Saturday, September 8, 2012

Bitter Sweet

 
 
My life has been extremely busy over the last week and Its only going to get busier the next 2. Met with my sons school for his IEP,went to his open house and met his new teacher.
He has SPD ADHD and Earlie child hood anxiety. We set up his bus schedule then found out the ride would be over an hour long from our out of town home to Pre-School in town. WAY too long for him to sit on the bus, so now we are going to be driving him to school and picking him up. At least its only 2 days a week so working around it for the surrogacy wont be impossible. Having a child with a disability has its challenges but also has it rewards. He is so loving accepting and has been awesome during the last few months with all that we have asked of him. The long drive to Fargo and back. The countless hours in Fargo and Mommy's tiredness with all the medications. My son is AMAZING!! My family has been wonderful through all of this. Its not just me doing this its them too.
 I'm so blessed to have such a strong compassionate husband and loving children.     
Proud Mama here * big smiles*

Today was Alexandria's 3rd annual CHD awareness walk. I volunteer to Lasting Imprint. A non profit organization that my girl friend started in memory and honor of her little girl that passed away from a CHD. She was only 14 days old.
Today we had a great turn out.
 Not sure on the numbers exactly but I'm guessing close to 300 people came out for the 2 mile walk/run. 
Nick and the kiddos walked and I stayed behind at one of the many stations we had.
The kids where troopers..
 
 
 
Part of the booth I helped run.
 
 
 
Some of the people at the beginning of the walk.

 
My Goof ball of a husband.
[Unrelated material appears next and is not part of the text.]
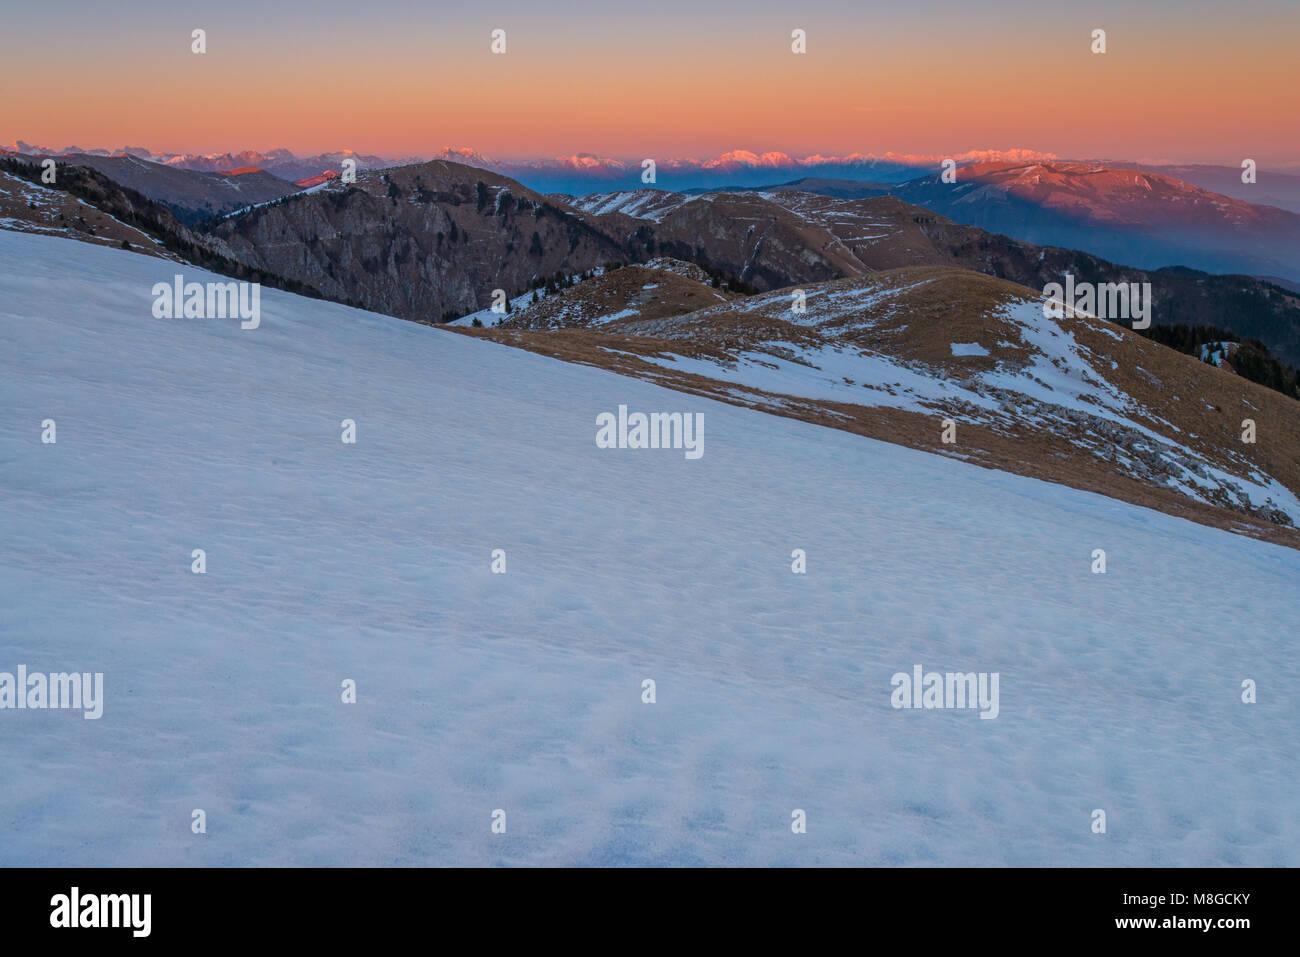 Pinturas alpenglow majestuosas montañas y nubes al atardecer, mirando hacia el valle. La nieve fresca convierte las cimas y laderas de color blanco, la primera nieve del invierno. Foto de stock

His Cousins Daughter has a Heart defect. He walks for Team Riese
 
 
The super awesome fire truck this year. BIG HIT!
 
 

As I posted in an earlier post I had an interview with the local paper.
Well she wanted some pictures of us and the journey as well as a family picture. After realizing I didn't have much of family pictures we decided to go get a few done with a friend of mine that owns her own business.
CS Photography..
 Her husband is friends with Nick so we had alittle play date as well.
The kids had a blast and we got great pictures for the paper.

 
( here is her web site)
 
 
The last month has had its up and downs and has now left me feeling like a piece of me is missing. Not exactly from the miscarriage its self but everything else that went with it.
Some people have recently asked if the babies took and whats all going on.
 ( thank you for thinking of me.)
Explaining that we lost them at about 4 weeks but we will be trying again in October.
 I'm sure people arnt sure how to respond and bless them they are so sweet and gentle with their words. It has been difficult knowing that for what ever reason it didn't work but at the same time having that strength of not giving up and going to do it again not really "makes it ok" but pushes me on to know that God has a bigger plan and I am OKAY. Ive Accepted Gods plan thus far and working towards the next steps. Some have responded like it was my own children and to that part makes me feel awkward. Yes it "hurt" and was mentally difficult but way different then when I had my chemical a year ago.

Still pressing on and October cant come soon enough.
I'm hoping and praying for good weather for the appointments and transfer.